[Exercise goal]:
Below are some records; quote exactly the lines from the one that contains "December 25 2020" through the one that contains "Fuel Lines Kit", inclusive, and no others.

[Dataset excerpts]:

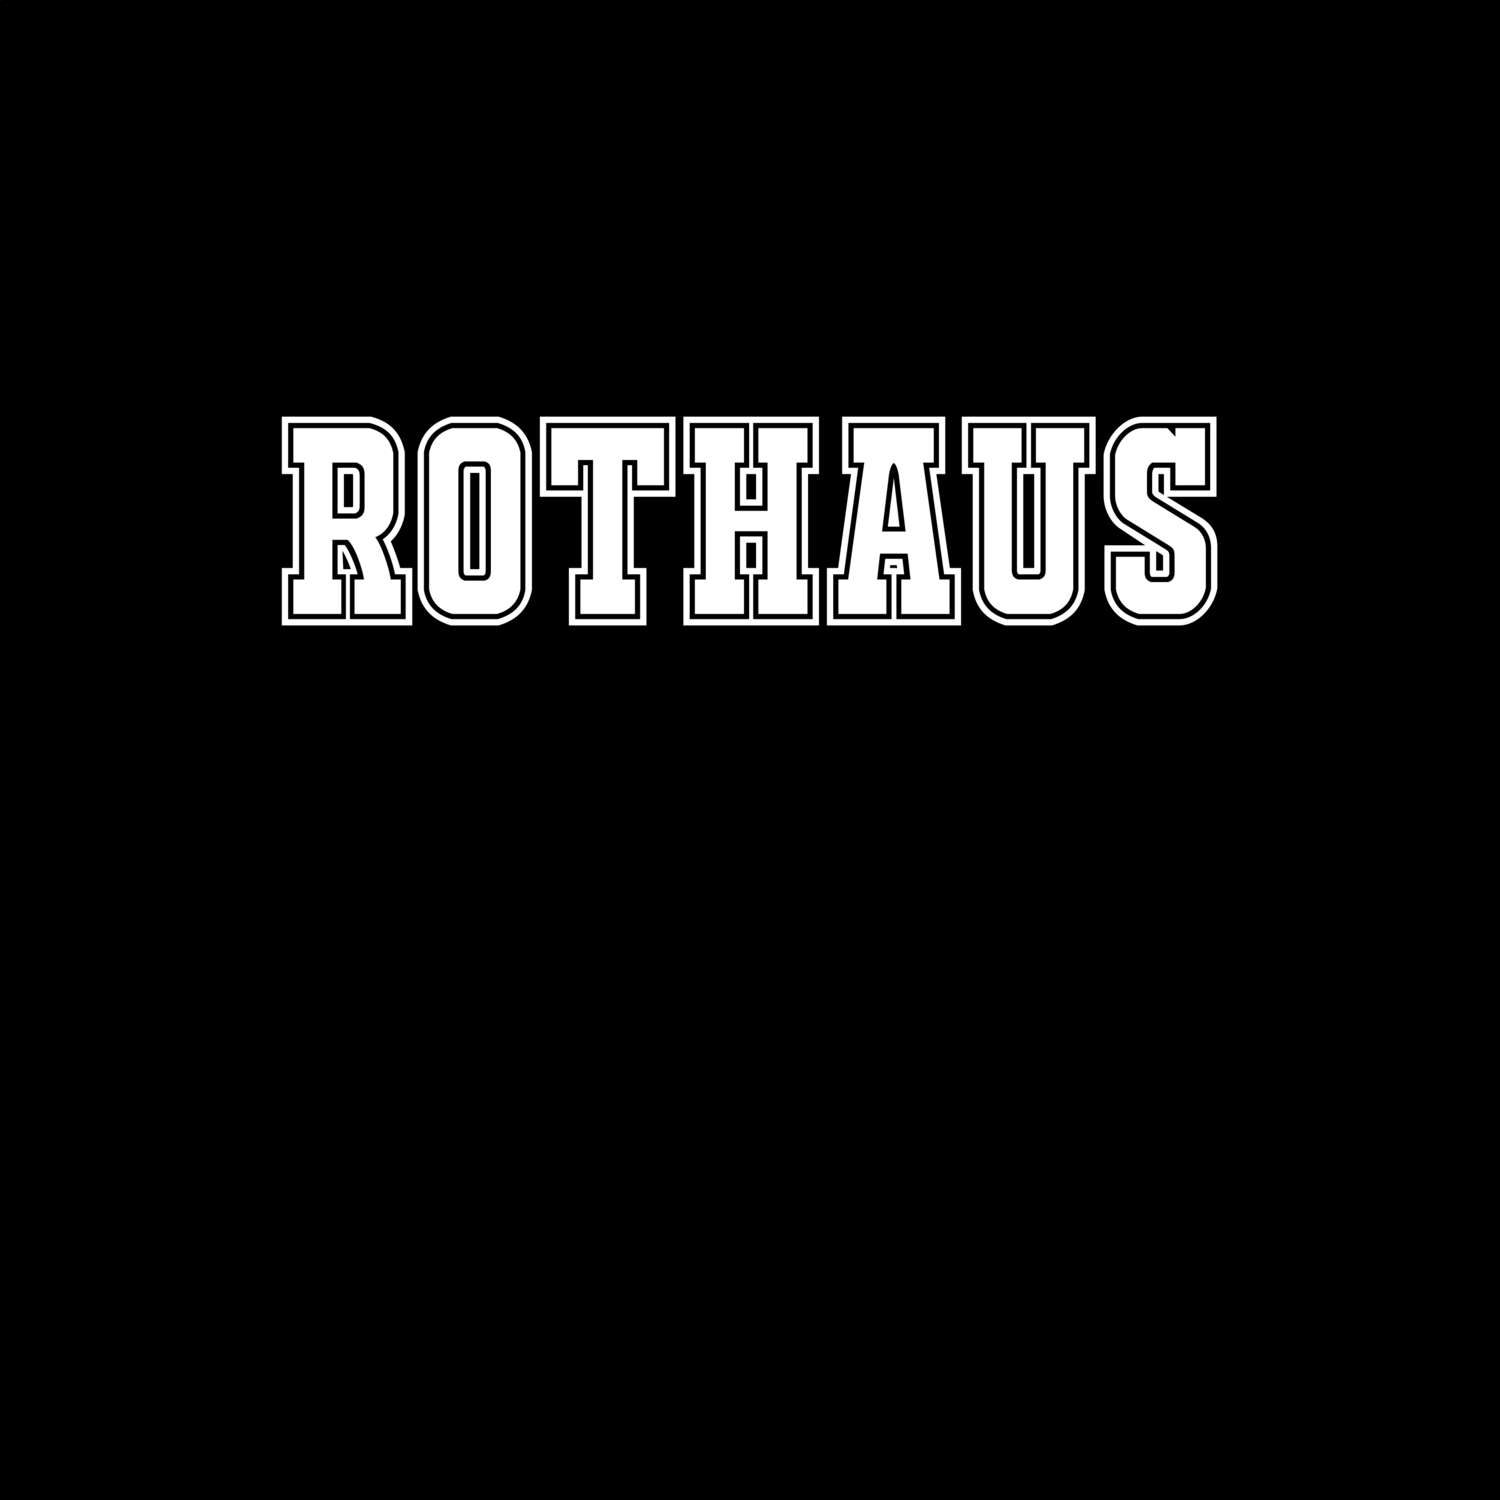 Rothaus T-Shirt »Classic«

...

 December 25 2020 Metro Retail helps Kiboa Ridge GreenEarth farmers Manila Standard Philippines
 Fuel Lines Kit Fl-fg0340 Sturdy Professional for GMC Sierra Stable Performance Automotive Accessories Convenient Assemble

[Solved problem]:
 December 25 2020 Metro Retail helps Kiboa Ridge GreenEarth farmers Manila Standard Philippines
 Fuel Lines Kit Fl-fg0340 Sturdy Professional for GMC Sierra Stable Performance Automotive Accessories Convenient Assemble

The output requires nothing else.